CONCLUSION In this paper it has been demonstrated that the guidance of the LOIAC is of varied utility in determining the lawful bounds of cyber warfare. In Chapter I it 44

was demonstrated that several points of interpretive ambiguity and contest exist as to the limits of the right of national self-defence in response to cyber attack. Furthermore, no single approach to the right of national self-defence in cyberspace is universally advantageous or strategically prudent. Additionally, it has been argued that commanders face significant obstacles in fulfilling the practical requirements of a lawful self-defence response to cyber attack. In Chapter II it was demonstrated that significant interpretive contest and resultant operational uncertainties exist in respect to the application of the principle of military necessity in cyber warfare. In contrast, the guidance of the LOIAC is sufficient so as to determine the application of the principle of distinction in cyber warfare, despite the use of particularly complex and novel means and methods of attack. Conversely, the guidance of the LOIAC was of little utility in guiding commanders as to determinations of proportionality in cyber warfare, principally because of practical complications inhibiting any reasonable assessment.
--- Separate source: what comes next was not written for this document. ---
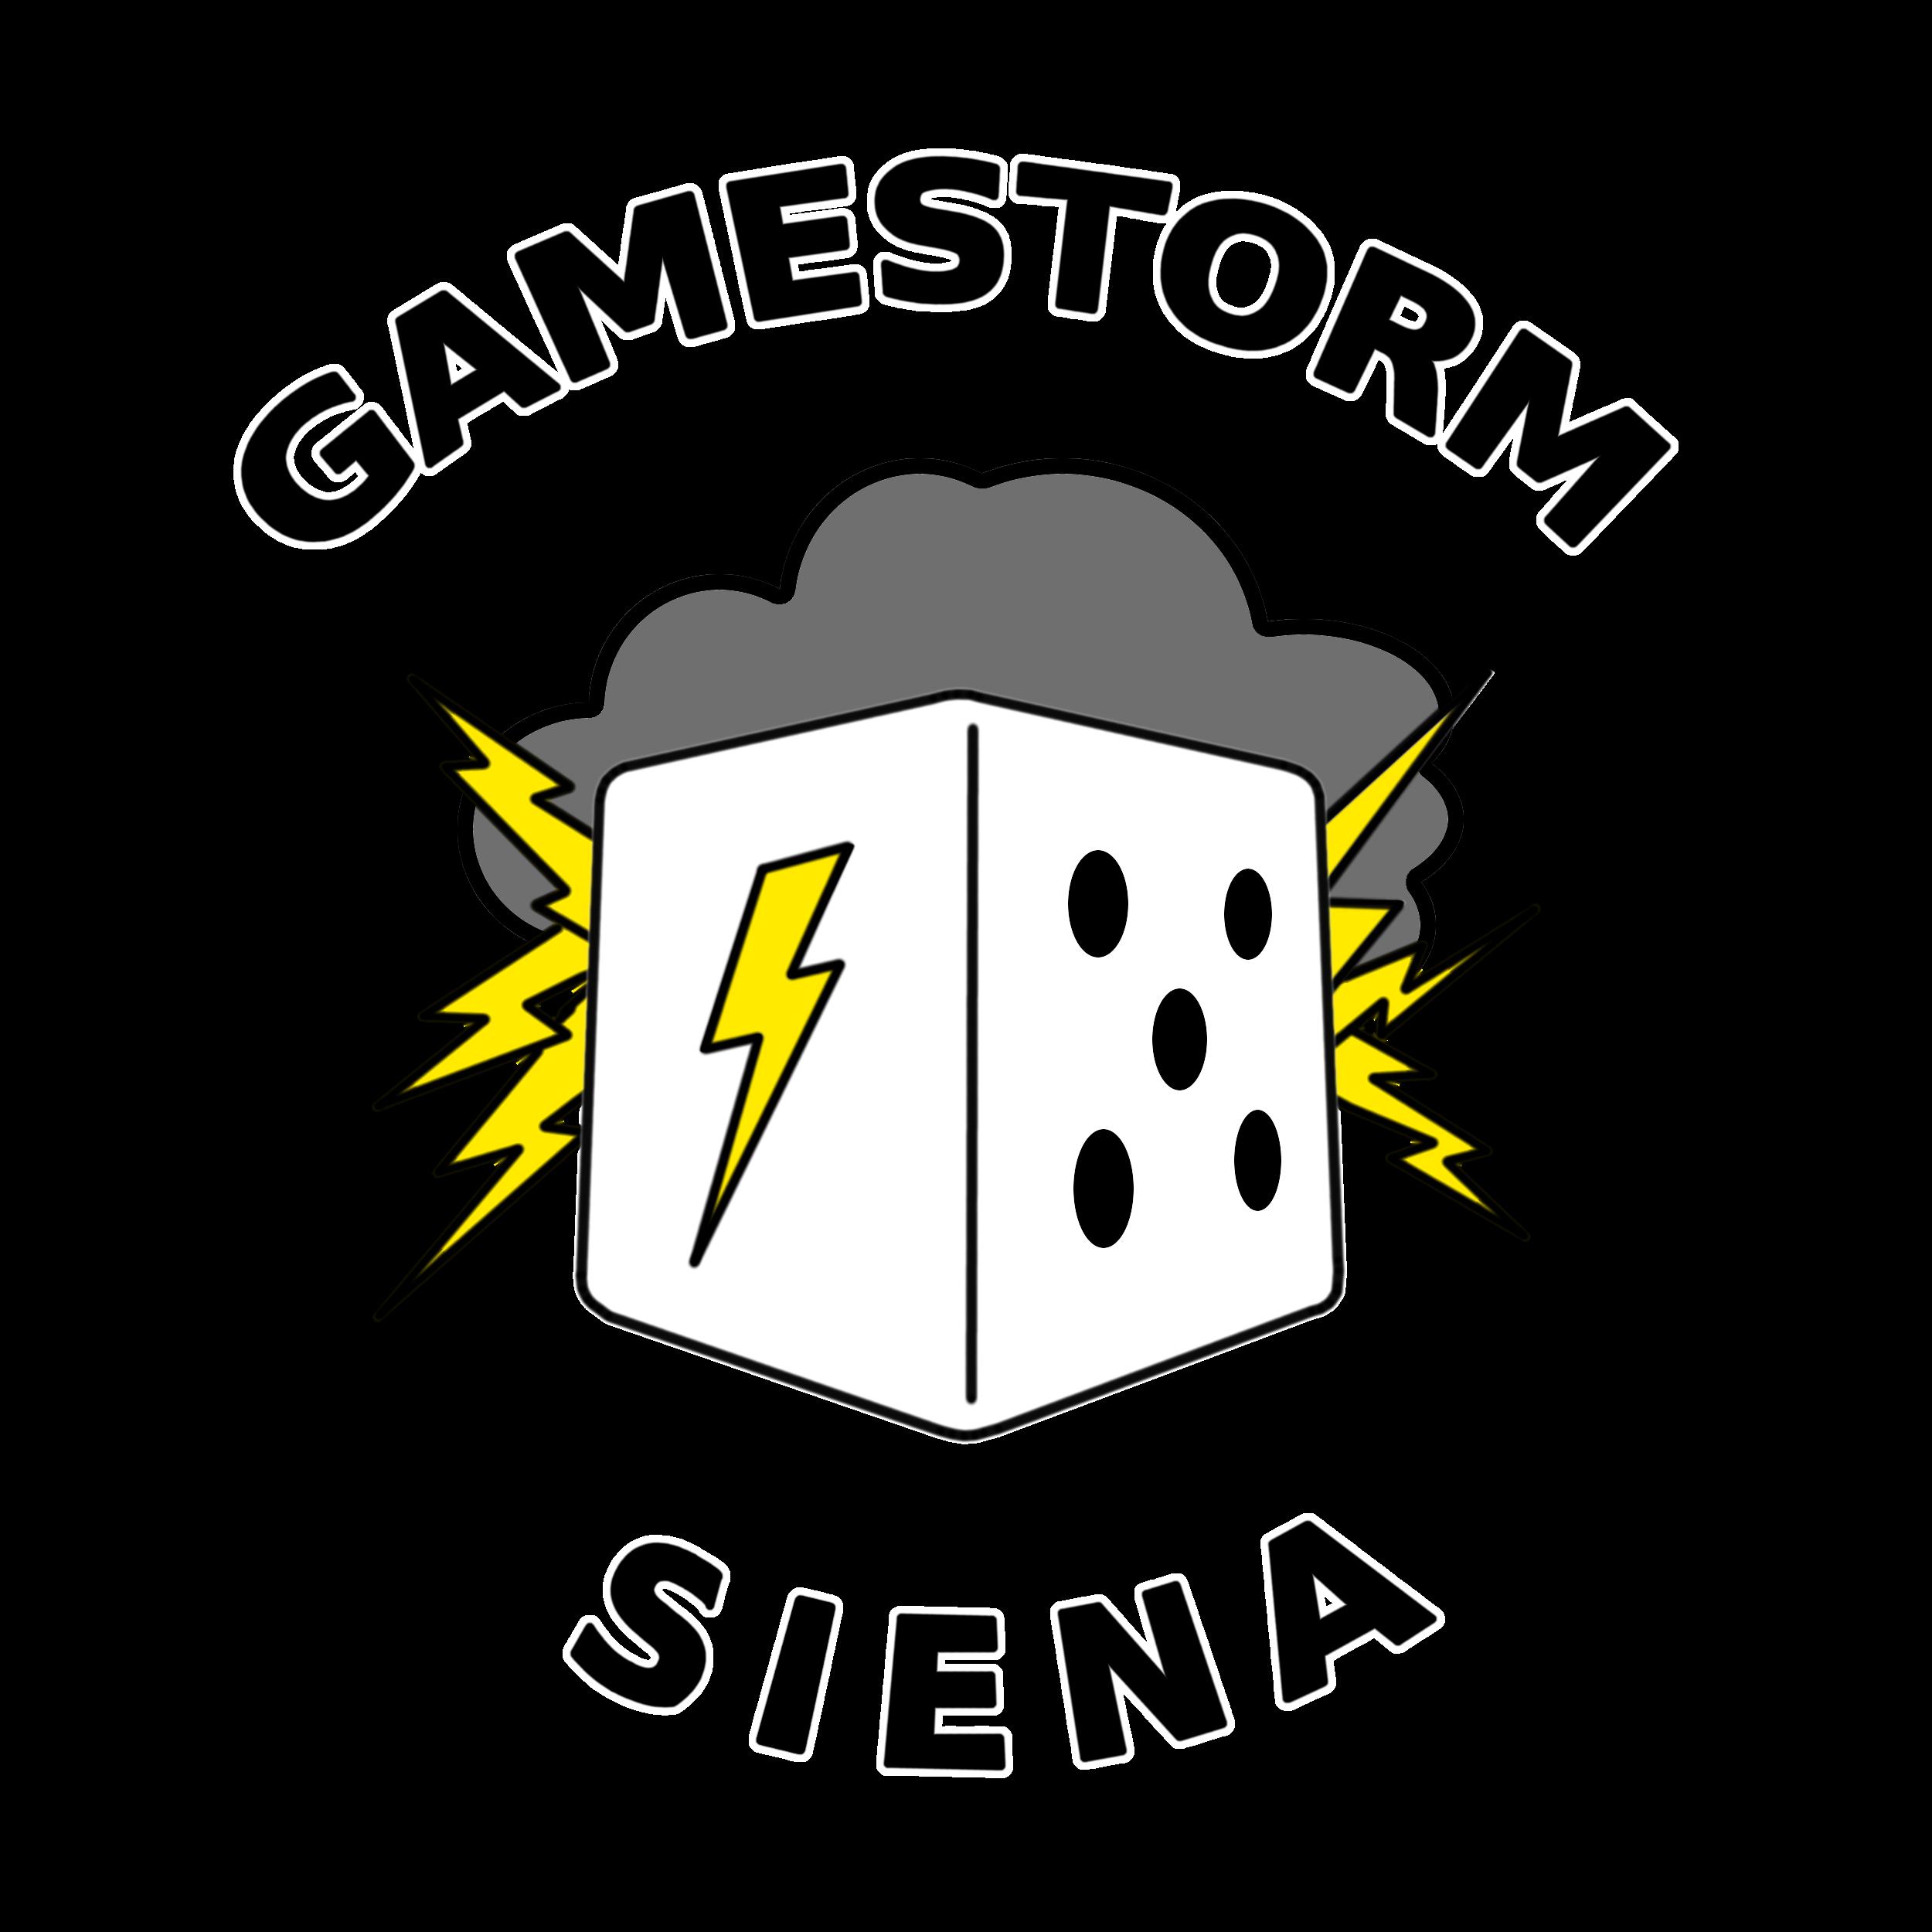 GameStorm-Siena

Therefore overall, the guidance of the LOIAC is of mixed utility to commanders in determining the lawful bounds of cyber warfare. However, throughout this paper it has also been argued that such deficiencies in the LOIAC are not beyond amelioration. Where international legal guidance is lacking and practical complications are abundant, careful domestic policy-making and doctrinal guidance can assist in protecting commanders and minimizing uncertainty and risk in operational decision-making. Some points of contestation, such as the interpretation of the principle of military necessity, are admittedly likely to remain contested indefinitely. This is in part due to the nature of international law as a living and evolving organ of international relations. However, in the interest of further adapting the LOIAC to emerging methods of warfare, there must be a greater effort made by states to frequently and comprehensively publicize their interpretations of international law in this area. On this note, a particular limitation to this paper has been the lack of publicly accessible cyber warfare doctrine. Future research would benefit from access to key decision makers in the practice of cyber warfare. Public access 45

permitting, further study of the technological constraints facing commanders in cyber warfare decision-making would also be of enormous assistance in reaching more definitive answers in this paper.